On National Read a Book Day, Kasey Meehan of PEN America’s Freedom to Read initiative continues to be alarmed at the number of books being taken off of America’s school library shelves.
"We saw over 1,400 instances of book bans, and that swept up over 800 unique titles. When we think about 800 unique books that are being targeted and removed from access, it's just an immense, it's a huge number," said Meehan.
She is referring to book ban figures from the last school year, which PEN America has been tracking. Meanwhile, in some places, public libraries have been threatened with closure for carrying titles touching on race, sex, and LGTBQ+ themes.
"What does it mean when you can't see yourself in literature? What does it mean when you can't read a book about somebody who has a different lived experience than yourself? I mean, there's a real gap in how individuals will be able to kind of navigate and engage and explore, different either identities or experiences or histories," said Meehan. Judy Newman is the chief impact officer at children’s books publisher Scholastic. She says the discourse surrounding books and libraries is unfortunately coming at a time when standardized reading scores for 13-year-olds have dropped to their lowest level since 2004.
"Listen, if you don't wanna read a book, I'm not gonna force you to read it, but I don't want you to prevent me from choosing it. We take that away by closing libraries or other places where kids can choose. We're doing them a disservice. It's just one more negative thing," said Newman.

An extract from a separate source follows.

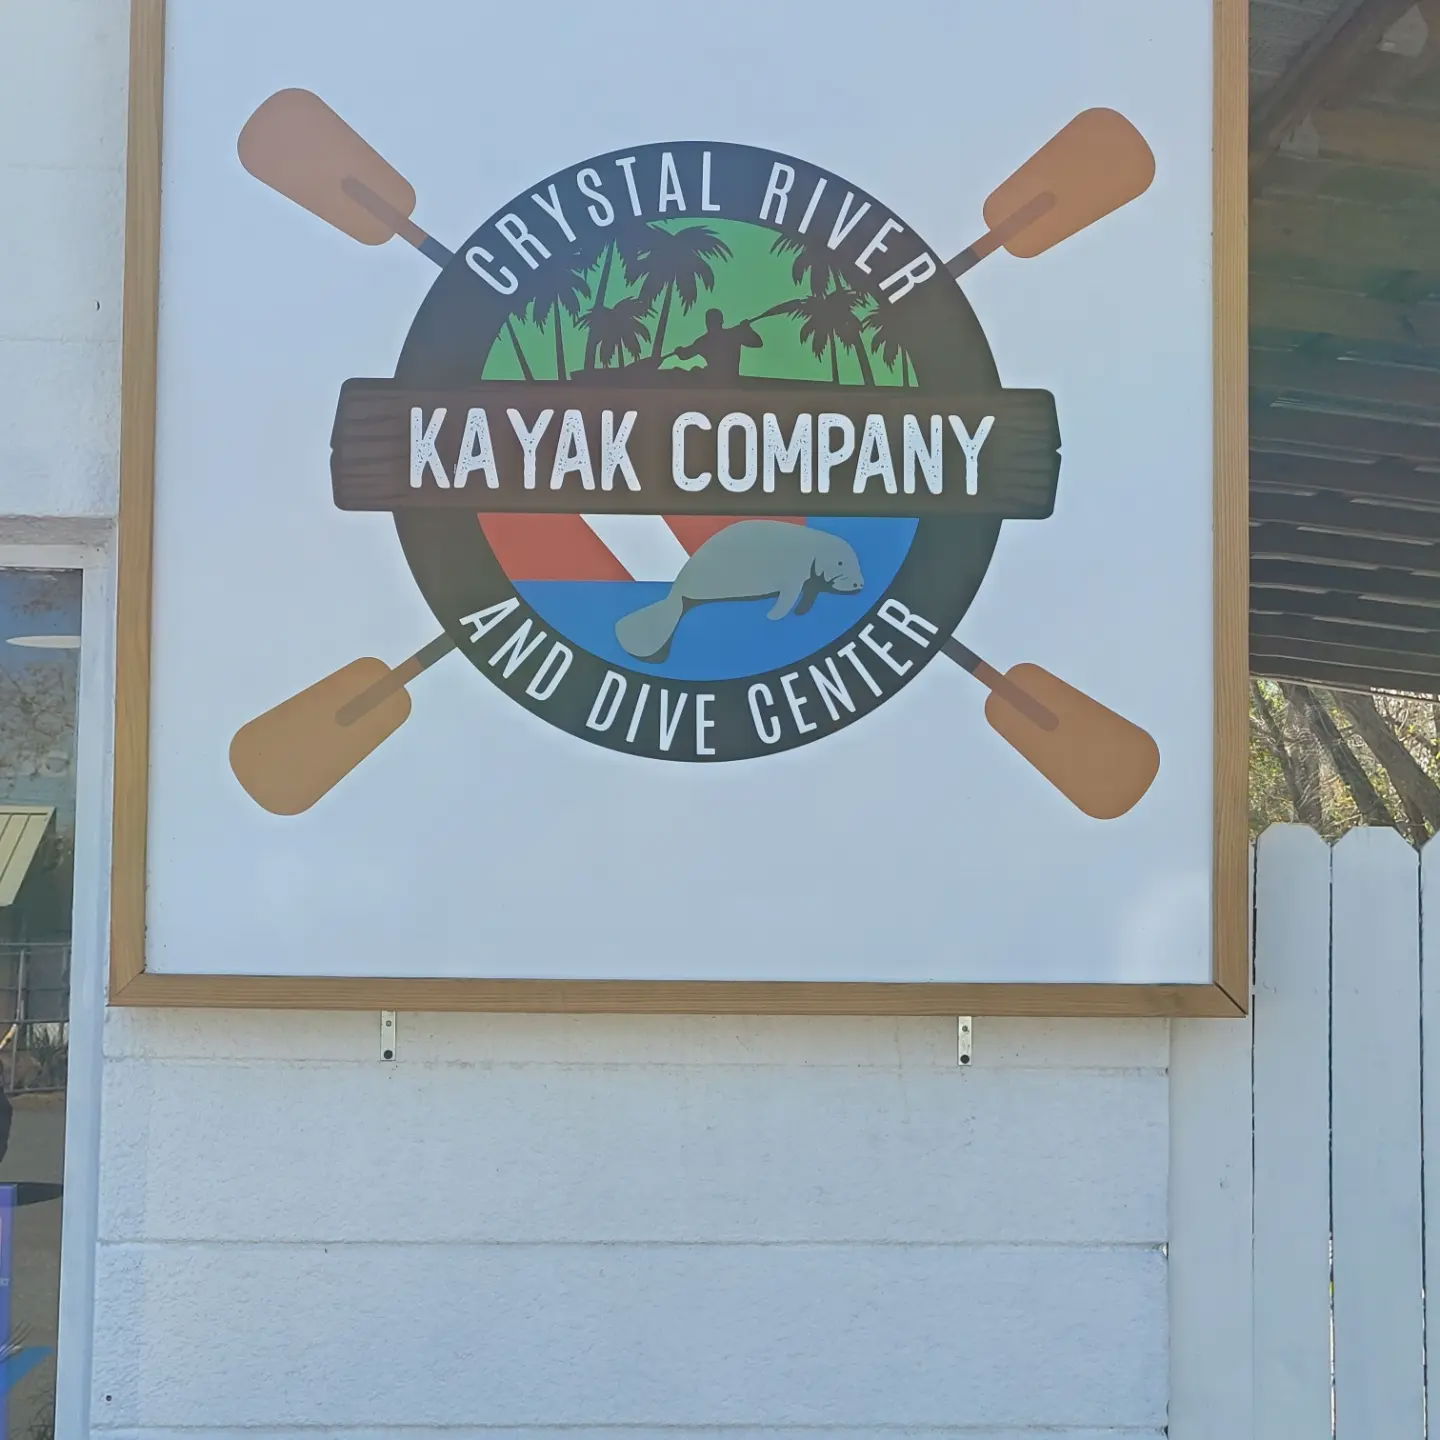 Crystal River Kayak Company & Dive Center - Crystal River, FL - 2/6/23

Aside from the discourse on banned books, another hurdle to academic success is children not getting access to books due to low resources at home and in schools.
"They provide access and equity — what we really mean by equity, when every kid in the school can participate equally," said Newman.
Book choice is one of the most important factors in getting children to read. According to Scholastic’s data, 93% of children say their favorite books are the ones they pick out themselves, and 92% say the books they’re most likely to finish are the ones they choose.
Books can be expensive — that’s why Scholastic is pairing up with the Scripps Howard Fund’s "If You Give A Child A Book" campaign.
"It's really important to flood the books to each child. You know that essentially they're living in a book desert, so we wanna make sure that they have access to books within their home," said Meredith Delaney, the director of philanthropic strategies for the Scripps Howard Fund.
The campaign brings free scholastic book fairs to Title 1 schools, school where most kids are on free or reduced lunch programs. The goal: Give each child 10 free books to build up their at home libraries.
"Research shows that 10 is that magic number, 10 is the number of books that a child needs each year to build their home libraries. And it means that it's a number that has a positive correlation with their reading comprehension and their reading scores," said Delaney.
"It takes a village, right? The teachers, principles, administration, caregivers, the families to envelop that child in reading and encouraging them to see themselves as a reader," said Newman.